Popularized by Amazon in the 1990s, recommendation algorithms have become a staple of business analytics. From shopping add-ons to information sharing via contact the influence of recommendation algorithms is undeniable. Under the hood, recommendation algorithms use both implicit (i.e number of times the item is purchased) and explicit (i.e star ratings) user feedback to determine the strength of association for a recommendation. I want to first define two main types of recommendation algorithms; content-based vs collaborative filtering.

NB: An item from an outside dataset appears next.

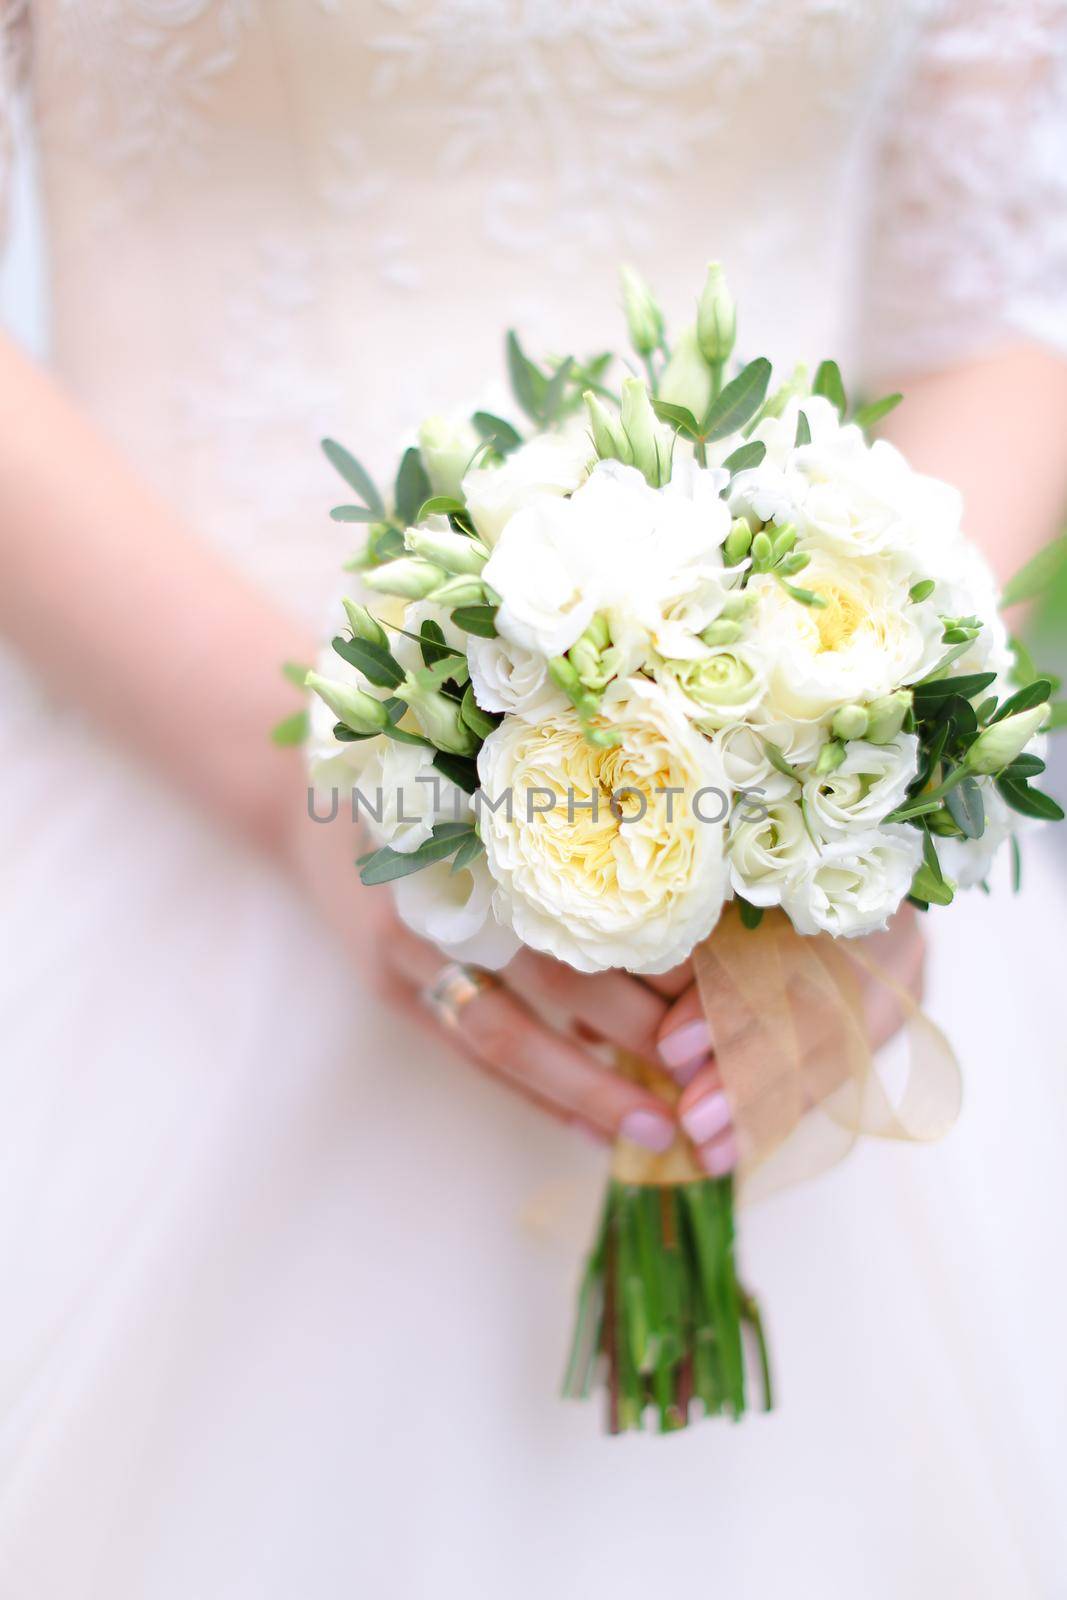 Closeup bride hands keeping white bouquet of flowers. Concept of wedding photo session.

Collaborative and Content Filtering

Collaborative filtering uses similar users to recommend new content. For example, a user who historically has enjoyed multiple similar films as you may also have rated highly additional movies that you have not yet discovered - those are the movies that would then be recommended to you. Content filtering on the other hand recommends movies that are similar to movies you have already enjoyed. For example, if you historically rate Western’s highly, the algorithm is likely to recommend other Western movies to you.

Matrix Factorization: SVD

Both of these algorithms rely on a technique called matrix factorization. In practice, datasets for recommendations typically take the format of a user/item (or even an item/item) matrix. Matrix factorization takes advantage of a mathematical property of matrices where any matrix can be broken down (factored) into 3 matrices (noted as Sigma, V and D), and those matrices can then be multiplied together to reconstruct the original matrix. The diagonal of the sorted sigma matrix (called singular values) is then used as weights that represent how important the new dimension (row or column vector) is in expressing the original matrix. For content filtering the dimensions are properties of metadata (items) whereas with collaborative filtering the dimensions are user reactions (ratings). This technique is called “Singular Value Decomposition”. In practice, recommendation matrices are often quite sparse with many missing values. A modified version of this approach (simplified SVD) popularized by Simon Funk in 2009 who used it to win the Netflix prize uses only the V and D matrices to reconstruct the known values of the original matrix - a technique that can account for the high volume of missing values. The values are reconstructed using gradient descent.

Gradient Descent

Gradient descent tries the “best guess” of weights to minimize error (such as RMSE) and most accurately reconstruct the original matrix. Weights are tested iteratively to minimize error (maximize accuracy) and the model is updated after each new datapoint in the training process. Simplified SVD with stochastic gradient descent is a powerful and practical method for creating a recommendation algorithm.

Data Considerations

With any algorithm, ensuring high quality data is the best way to improve accuracy. For recommendation algorithms, this means choosing powerful variables that are likely to reflect the actual strength of association. For example, when considering movie recommendations, the date of the movie viewing might be relevant; a person’s taste may not be reflected in films last viewed 20 years ago. There are many opportunities for algorithm customization using creative composite/latent engineered features. Both collaborative and content filtering techniques have their own strengths and weaknesses; collaborative filtering is less effective when there is minimal user data (called the “cold start” problem), and content filtering is limited by the users existing preferences and also may require extensive domain knowledge. In practice it can be very useful to combine both content and collaborative filtering in a single algorithm as one technique can make up for the others’ shortcomings. LightFM is one such python package that makes it easy to create a hybrid recommendation algorithm that uses both content and user data

LightFM Movie Recommender in Python

LightFM is a popular python package for hybrid recommendation algorithms that incoporates implicit and explicit feedback. Both item and user metadata are used to calcuate traditional matrix factorization algorithms. Each user and item are represented as the sum of the latent representations of their features, allowing recommendations to generalise to new items (via item features) and to new users (via user features).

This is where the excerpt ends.